Supreme Court Refines Software Patent Eligibility in Alice Case

June 19, 2014

The U.S. Supreme Court on Thursday ruled that implementing an abstract idea using a computer does not make an invention patent eligible.

On a 9-0 vote, the court ruled for CLS Bank International, which challenged patents held by Australia-based Alice Corporation Pty Ltd for a computer system that facilitates financial transactions. The court added some clarity to a confused area of the law concerning when software can be patented.

In May 2013, the U.S. Court of Appeals for the Federal Circuit ruled for CLS but the judges were split 5-5 on which legal test to adopt.

In Thursday’s majority opinion, Justice Clarence Thomas wrote the outcome was largely determined by the court’s 2010 ruling in a case called Bilski v. Kappos.
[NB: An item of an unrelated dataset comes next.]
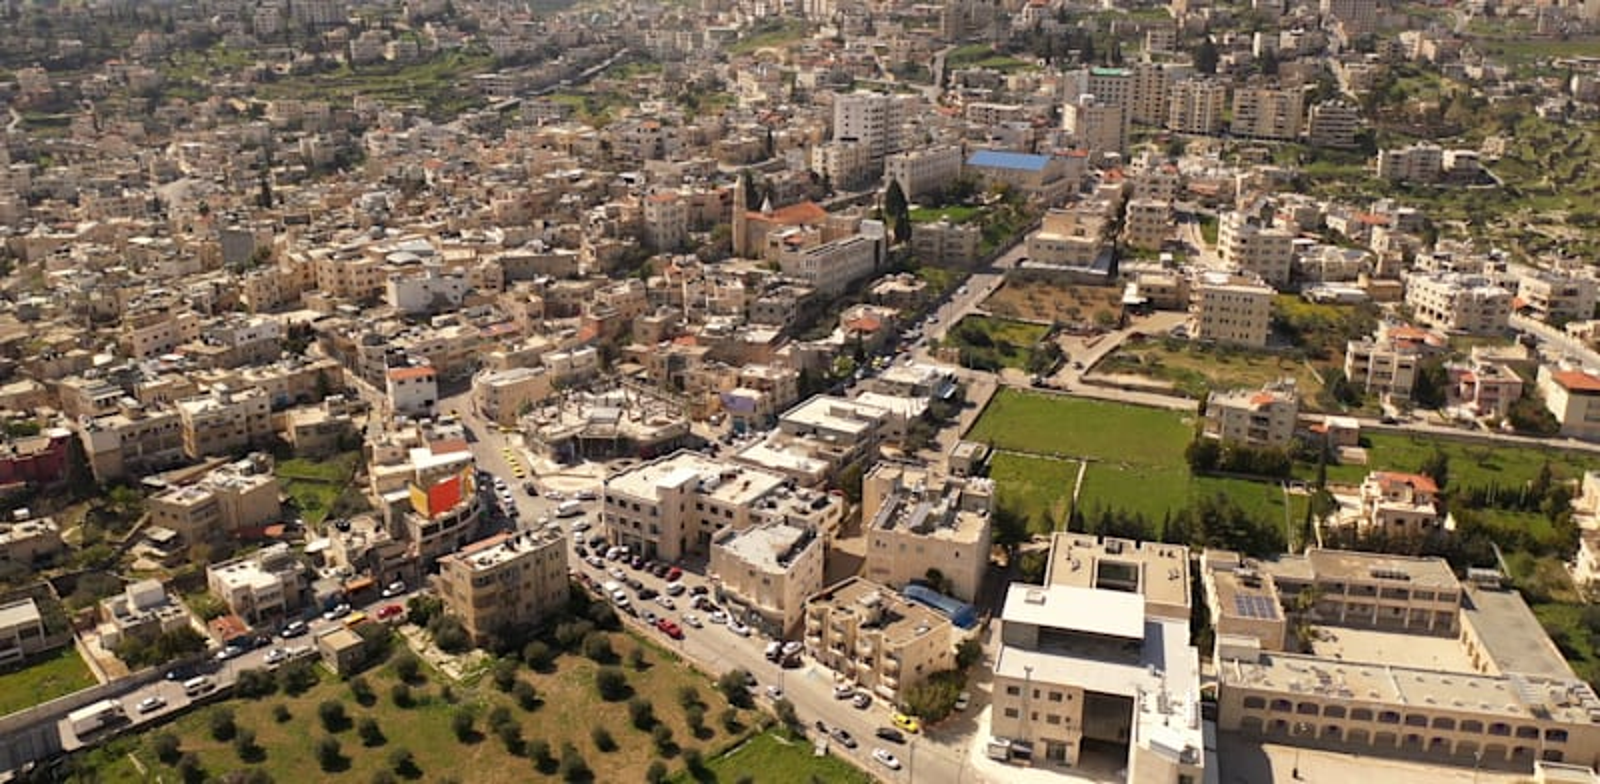 Bethlehem Photo: Shutterstock ImageBank4u
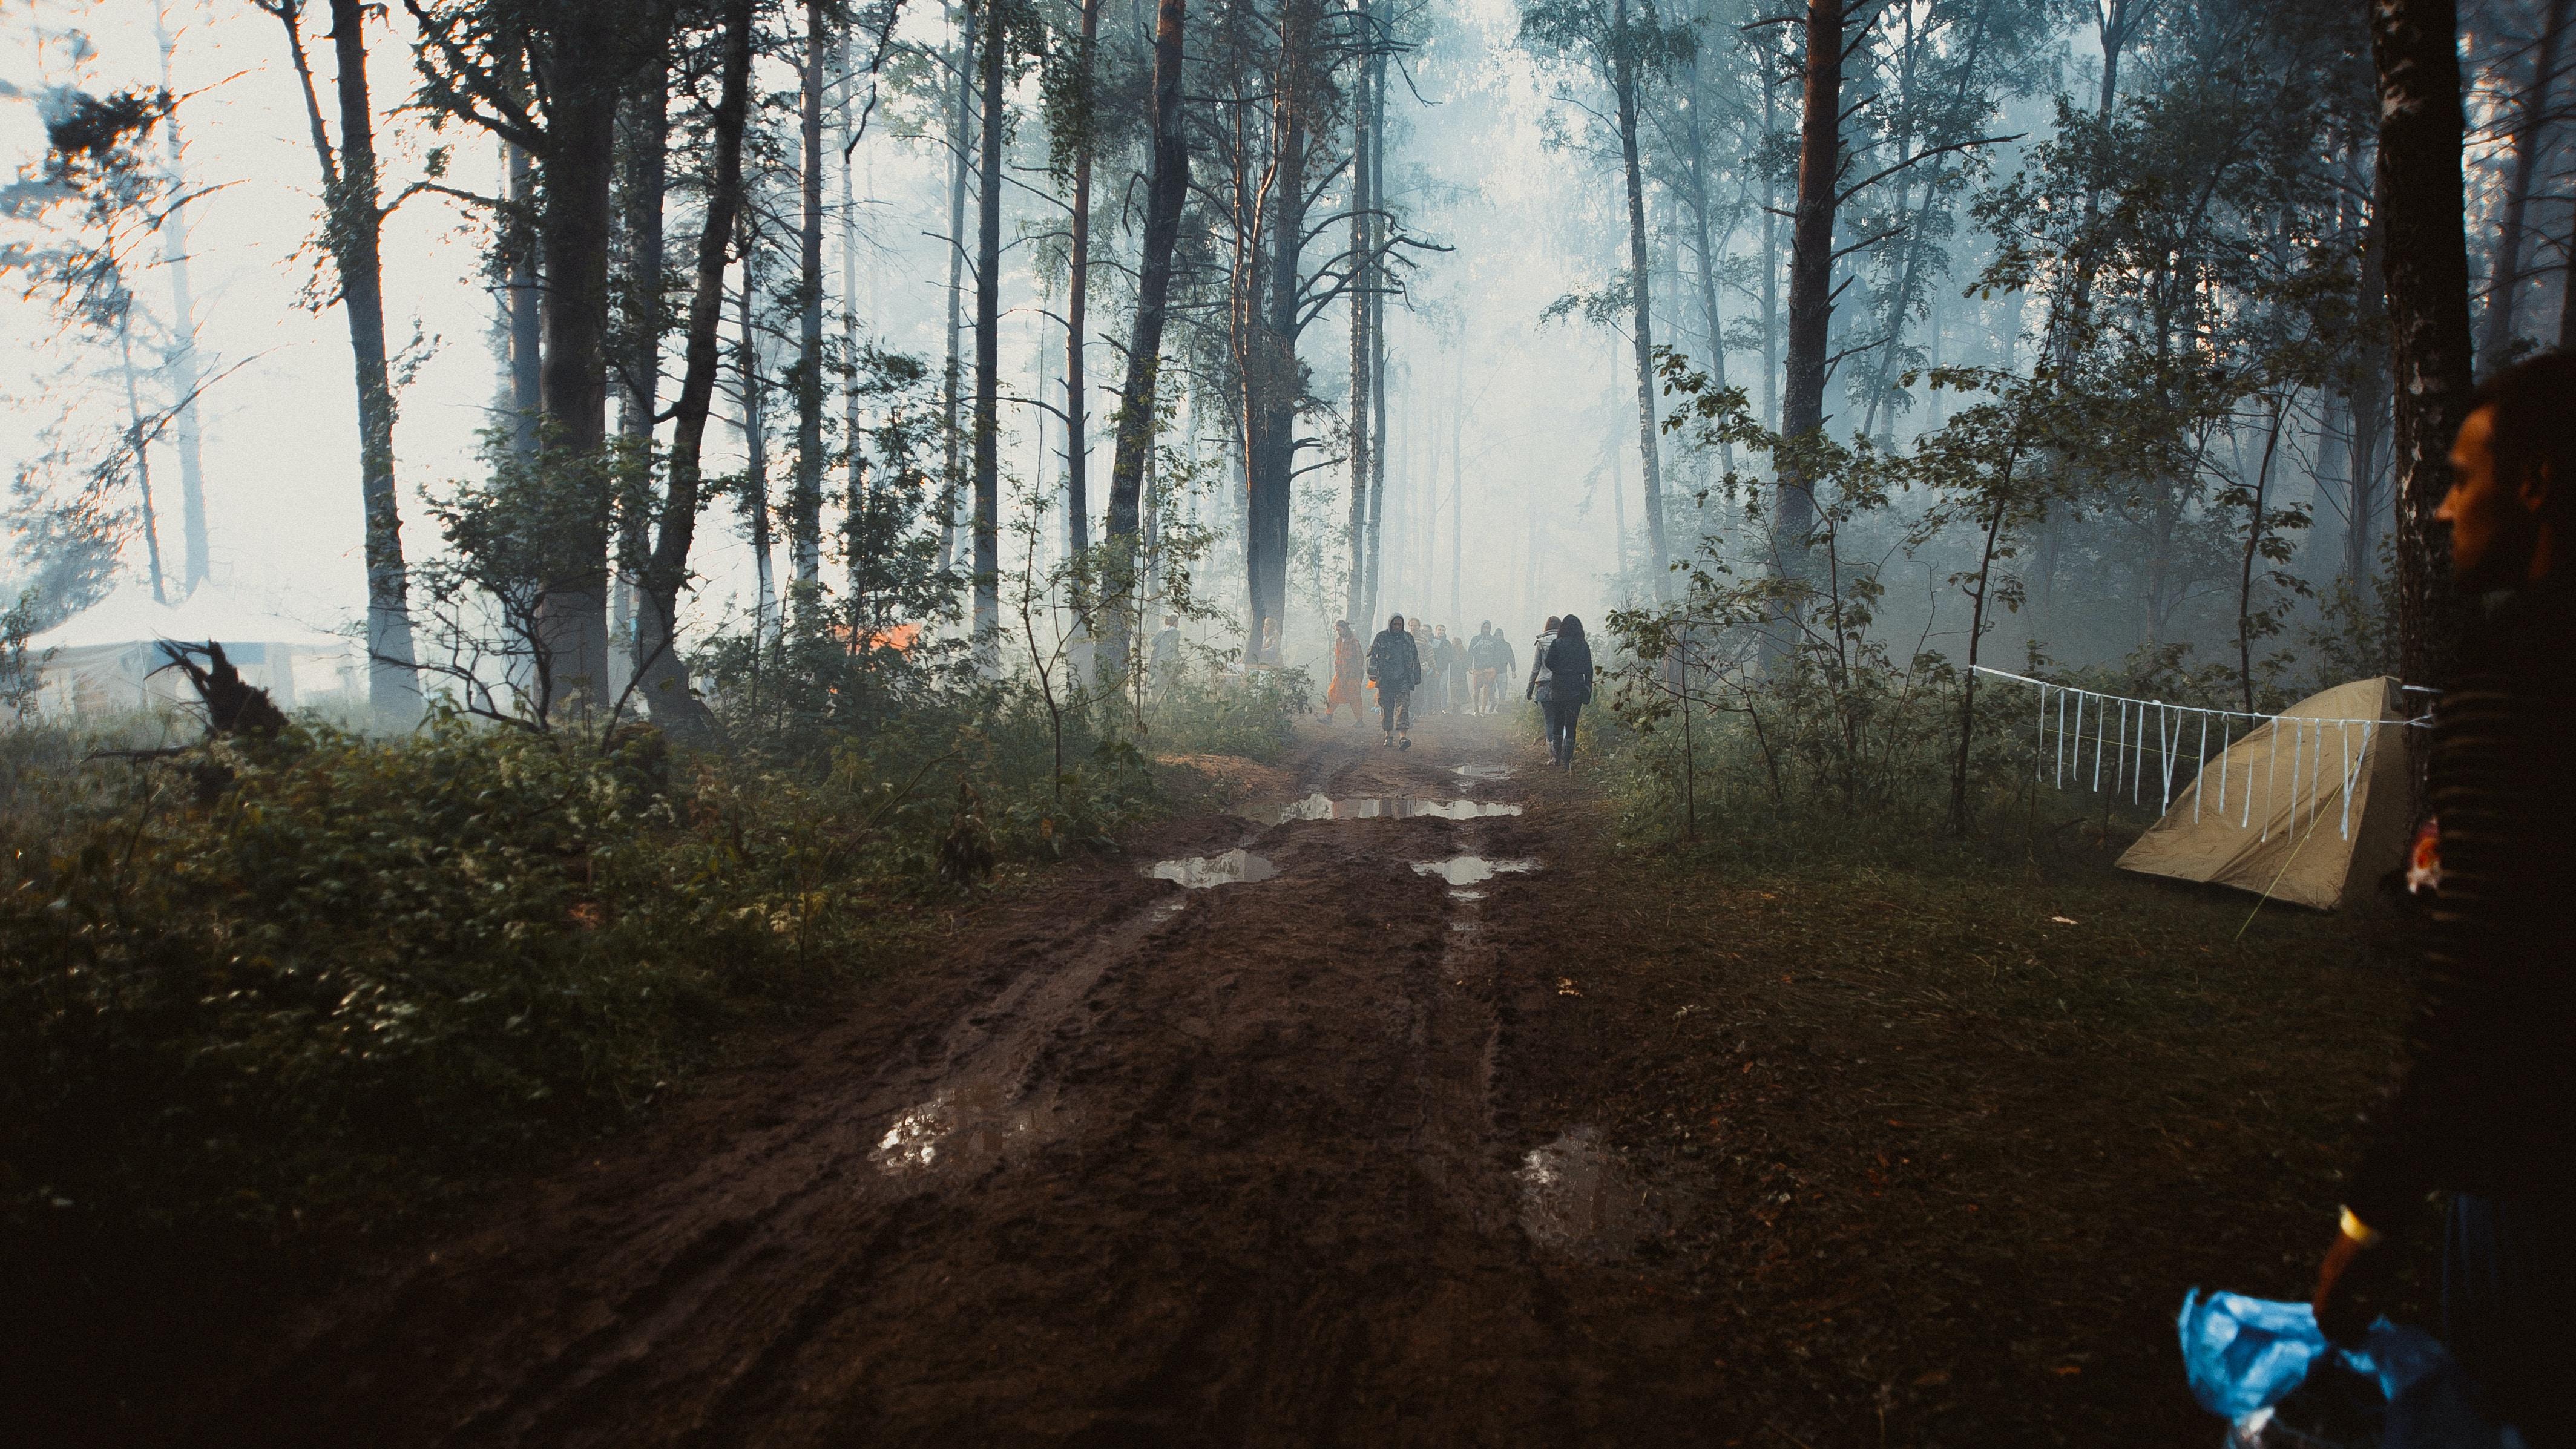 people walking in forest trail

“We hold that the claims at issue are drawn to the abstract idea of intermediated settlement and that merely requiring generic computer implementation fails to transform that abstract idea into a patent-eligible invention,” Thomas wrote.

The legal question boiled down to how innovative an invention should be to receive legal protection.

The U.S. Patent Act states that anyone who “invents or discovers a new and useful process, machine, manufacture, or composition of matter,” or an improvement of an existing one, can get a patent. An invention related to an abstract idea can be patented, but it must include a way of applying the idea.

Google Inc., Dell Inc. , Verizon Communications Inc., and Microsoft Corp. were among the companies that filed legal papers weighing in on the issue.

The case is Alice Corp. v. CLS Bank, U.S. Supreme Court, 13-298.